To demonstrate how FlashFry can be used to create a CRISPR library, we targeted all of the genes within the cancer gene census, a curated list of commonly mutated genes in cancer patients . We retrieved genomic sequences corresponding to all 10,808 exons; allowing only NGG PAMs, FlashFly discovered off-targets for 443,296 candidate SpCas9 targets in 250 min (0.03 s per guide) on an Amazon r4.xlarge instance. We then excluded 16,736 target sequences that exceeded the maximum off-target count (> = 2000), and 66,637 that were annotated as having extreme GC content or runs of thymines that can limit expression in certain plasmid delivery systems. The resulting targets were annotated with the CRISPRScan on-target and Hsu et al. off-target scores and aggregated into a combined rank score using the Schulze method (see the “Methods” section).
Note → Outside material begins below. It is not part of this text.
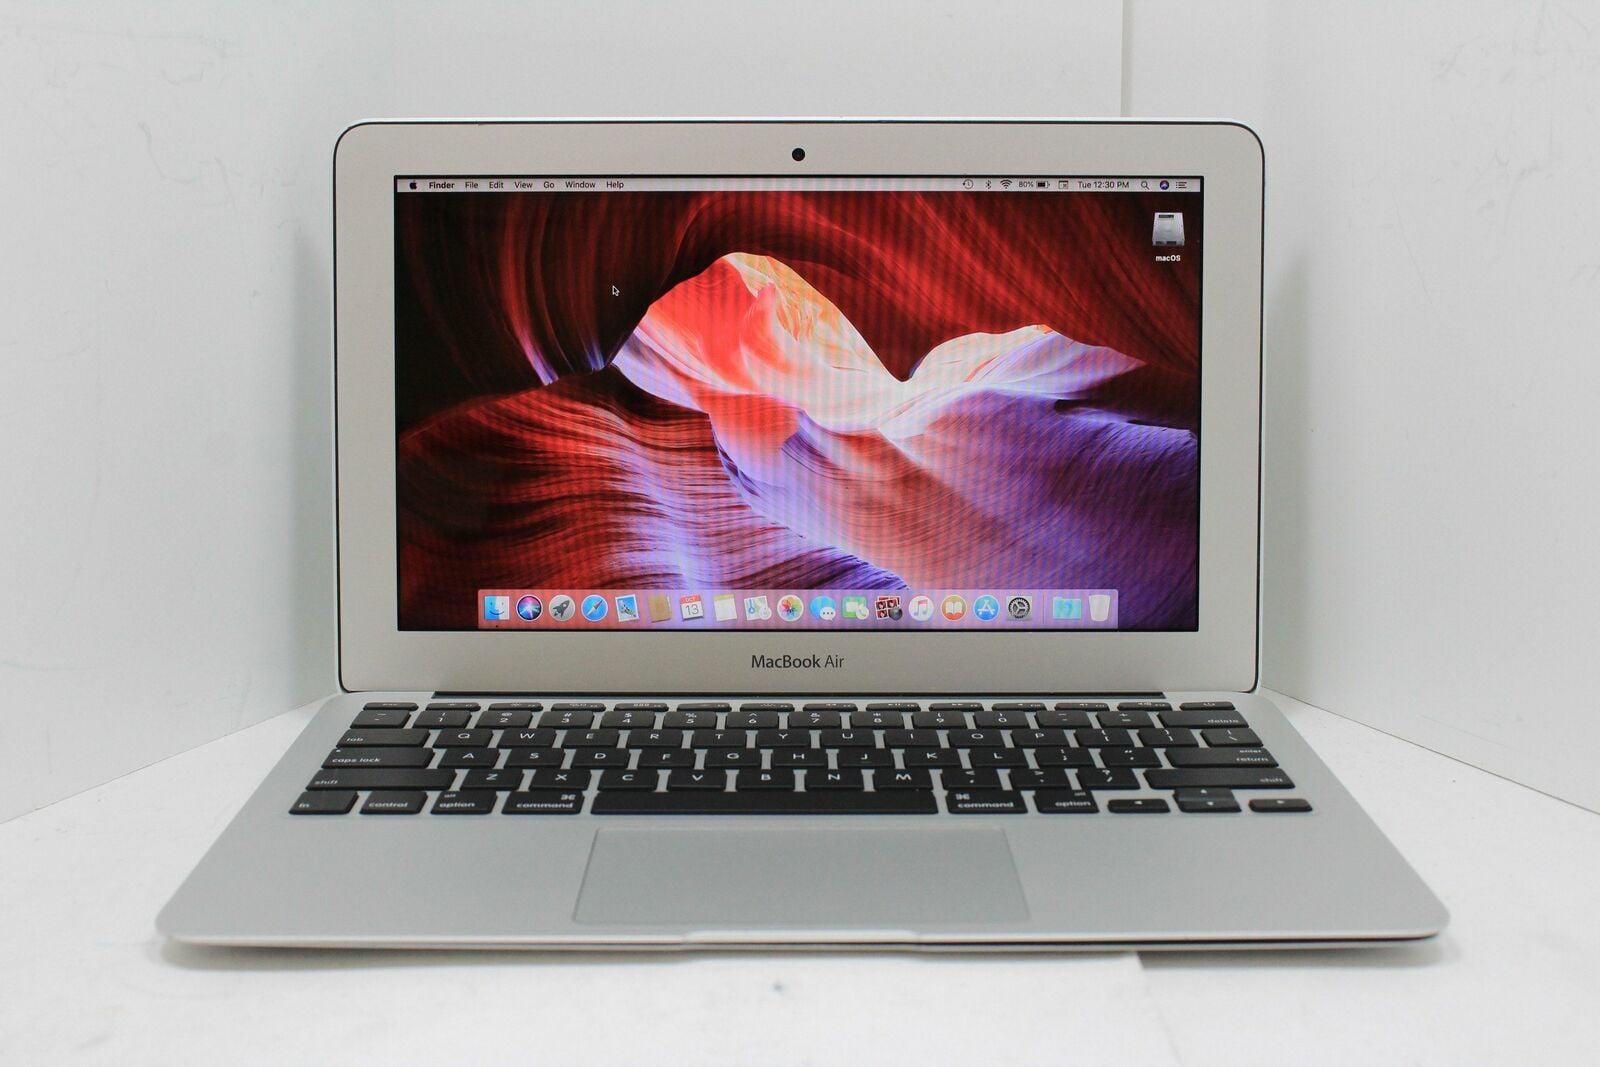 Apple Macbook Air Core I5-4250u Dual-core 1.3ghz 4gb 128gb Ssd 11.6 Led

The resulting table can then be used to generate a diverse library of CRISPR guides for a perturbation screen. For instance, over 99% of gene bodies have two targets with a Hsu et al. score over 75 and a CRISPRScan score over 0.50. At the exon level, 74 and 71% have two targets both with scores above 75 and 0.50 respectively, allowing for redundant knockout of most exons. These filtered candidate libraries can be easily processed into the format required by a wide variety of custom microarray manufacturers.
The needs of genome-wide knockout studies, noncoding deletion scans, and other large-scale studies or method development projects are unfortunately not well-met by the abundant CRISPR web applications. FlashFry, an efficient and flexible toolset, fills this void and can be used to rapidly discover and characterize tens to hundreds of thousands of guides from an arbitrary sequence quickly and with a relatively low memory footprint. For method developers, we also expose a simple interface for implementing additional scoring schemes, given the sequence context of a target and its off-target hits within the genome. FlashFry has no system dependencies outside of the JVM and avoids many of the configuration pitfalls and complexity of tools that rely on genome aligners to discover off-target sequences. Documentation, code, and tutorials are available on the FlashFry GitHub website.
FlashFry is written in Scala and bundled as a single stand-alone Jar file, easily run on any system with an installed Java virtual machine (JVM). The tool is freely licensed under version 3 of the GPL, and code, documentation, and tutorials are available on the GitHub page: https://aaronmck.github.io/FlashFry/
Database generation times
We timed FlashFry’s database creation on an Amazon’s Elastic Compute Cloud r4.large instance type using an SSD filesystem. FlashFry was limited to one CPU with the ‘taskset -c 0’ command and 8GB of memory using the java “-Xmx8g” argument.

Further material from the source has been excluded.